Newly arrived clansmen from China would need a safe place to stay, and the famously clannish Khoos would quickly offer their kin assistance, a social security blanket and access to a network of aid, without which migrant survival in a new and unknown land might be near impossible. This concept, it must be noted, was not unique to the Khoos. Other prominent Chinese families, namely those bearing the surnames Lim, Cheah, Yeoh and Tan (together, the quintet was collectively referred to as the Goh Tai Seh or Five Big Clans), also boasted their own grand kongsi (clan house), several of which may be explored today within George Town’s Unesco World Heritage zone.
Growing up as a child in one of the shophouses surrounding Penang’s awe-inspiring Khoo Kongsi has left an indelible impression on Chan Soo Khian. The celebrated architect and principal of Singapore-based multidisciplinary practice SCDA returns to the island in triumph as his latest luxury boutique hotel, Soori Penang, is unveiled.
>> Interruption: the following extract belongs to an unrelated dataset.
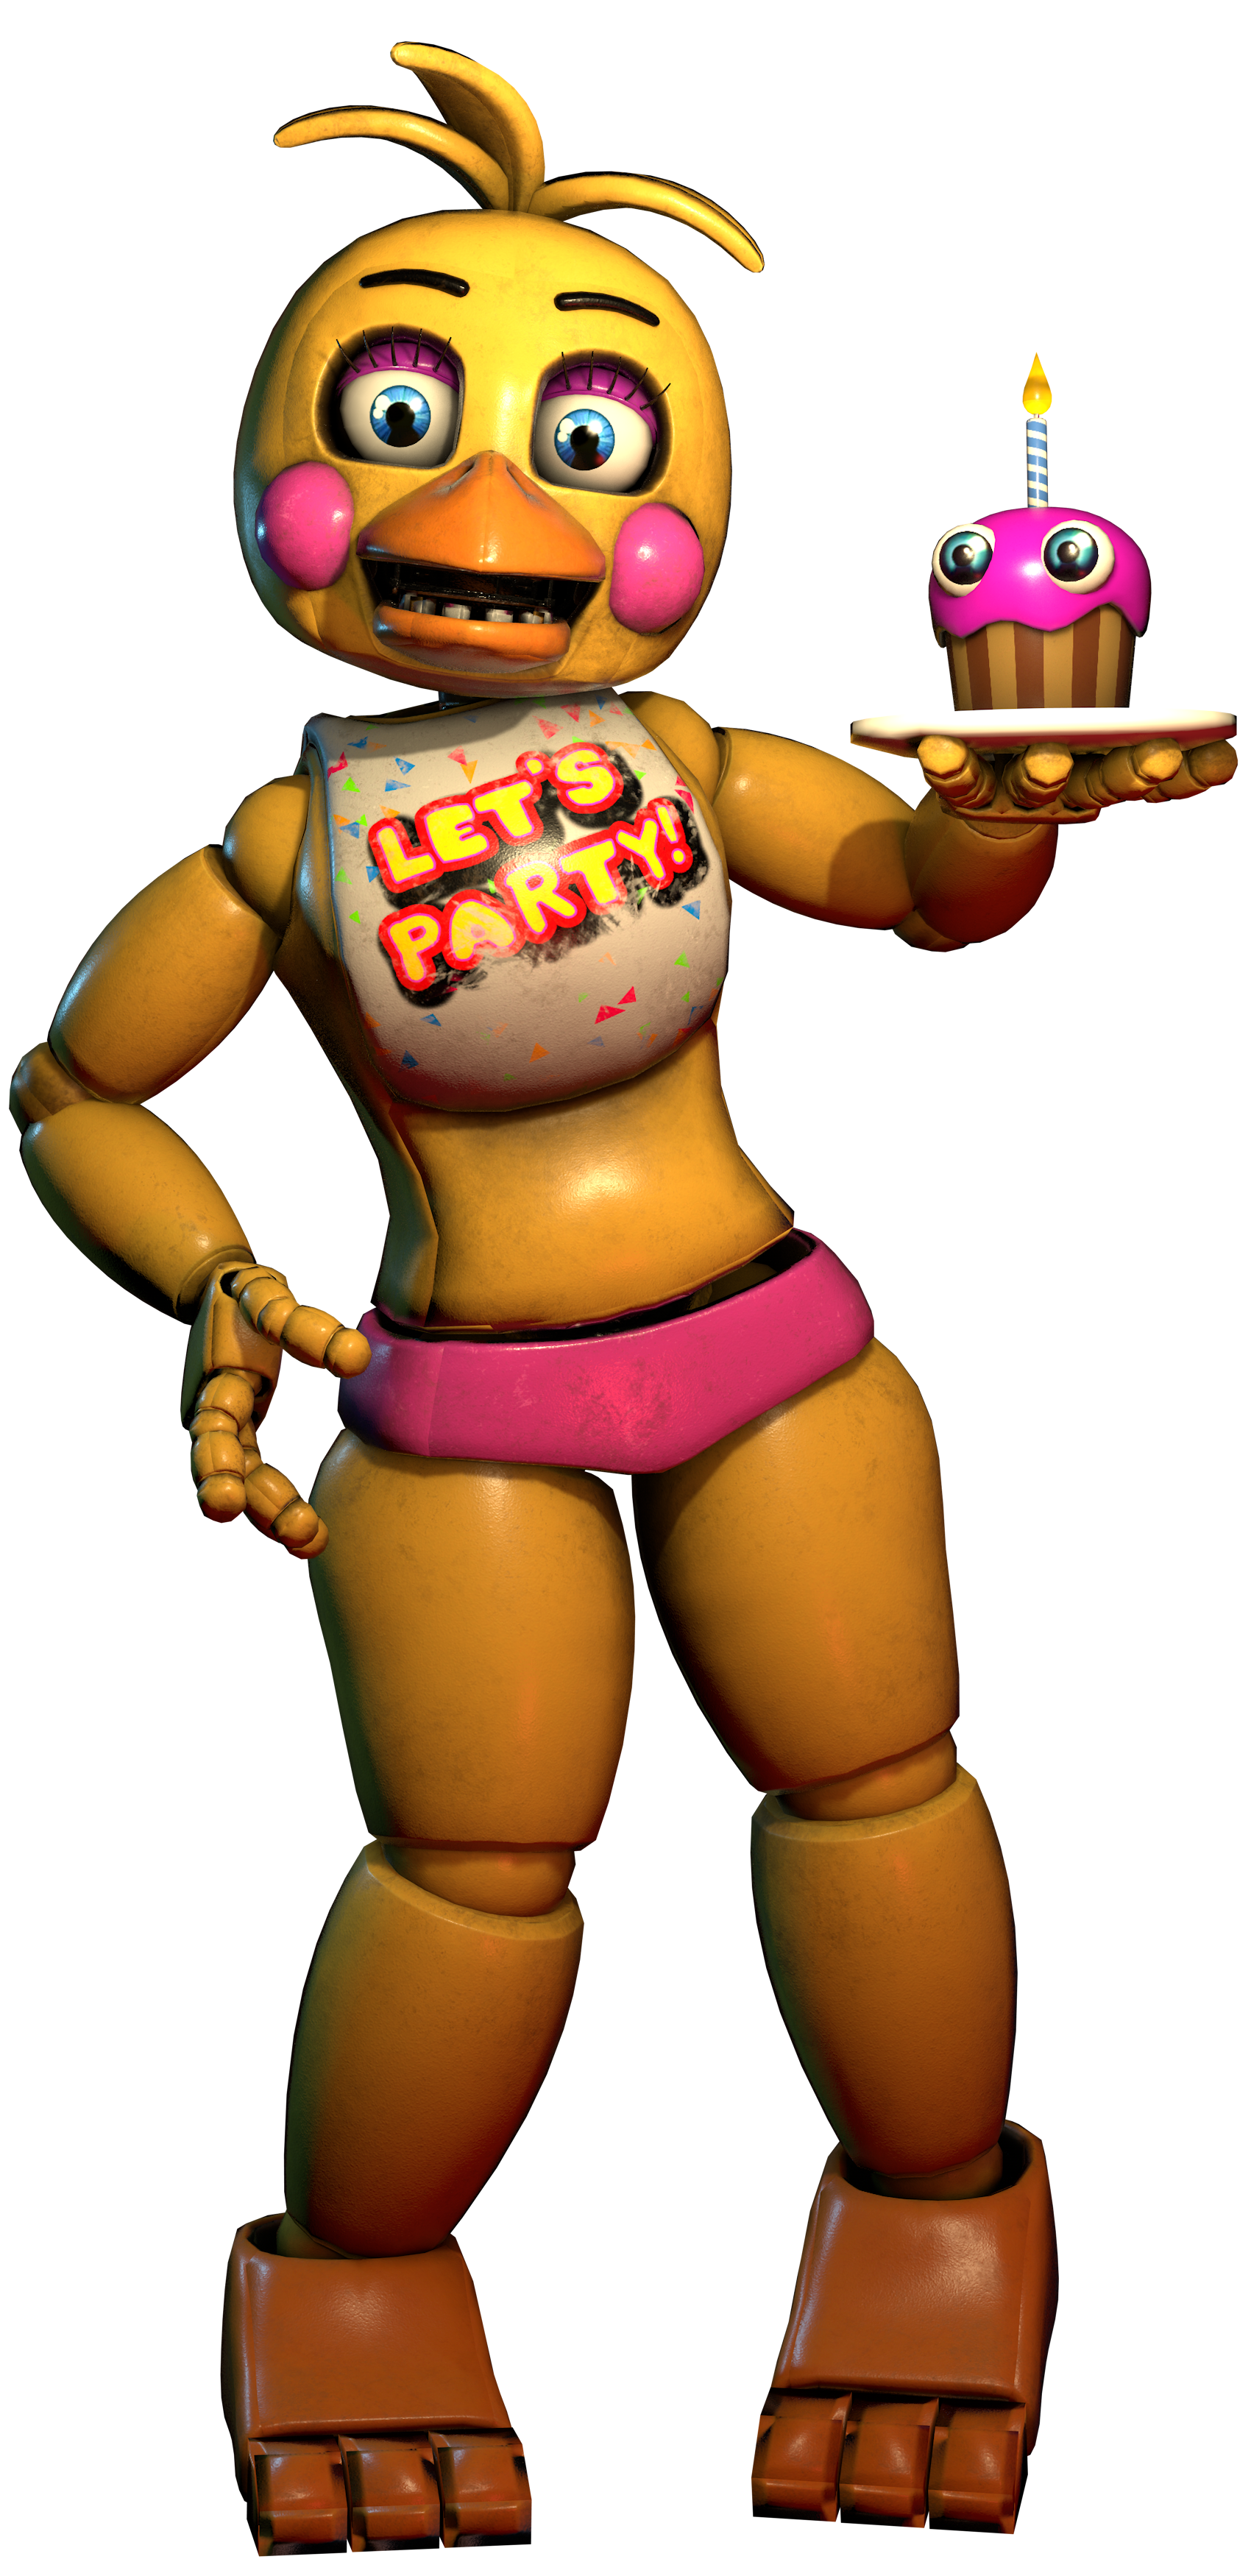 fnaf toy chica action figure

But beyond the ornate wing-shaped ridges of the xie shan roofs or perhaps the grand staircase of the main hall, the Khoo Kongsi also comprises 62 terraced houses and shophouses. The close-knit setup and subtle defensive formation of the clan house is a throwback to bygone days when gangland wars were prevalent and public security was deemed inadequate in British-ruled 19th-century Penang.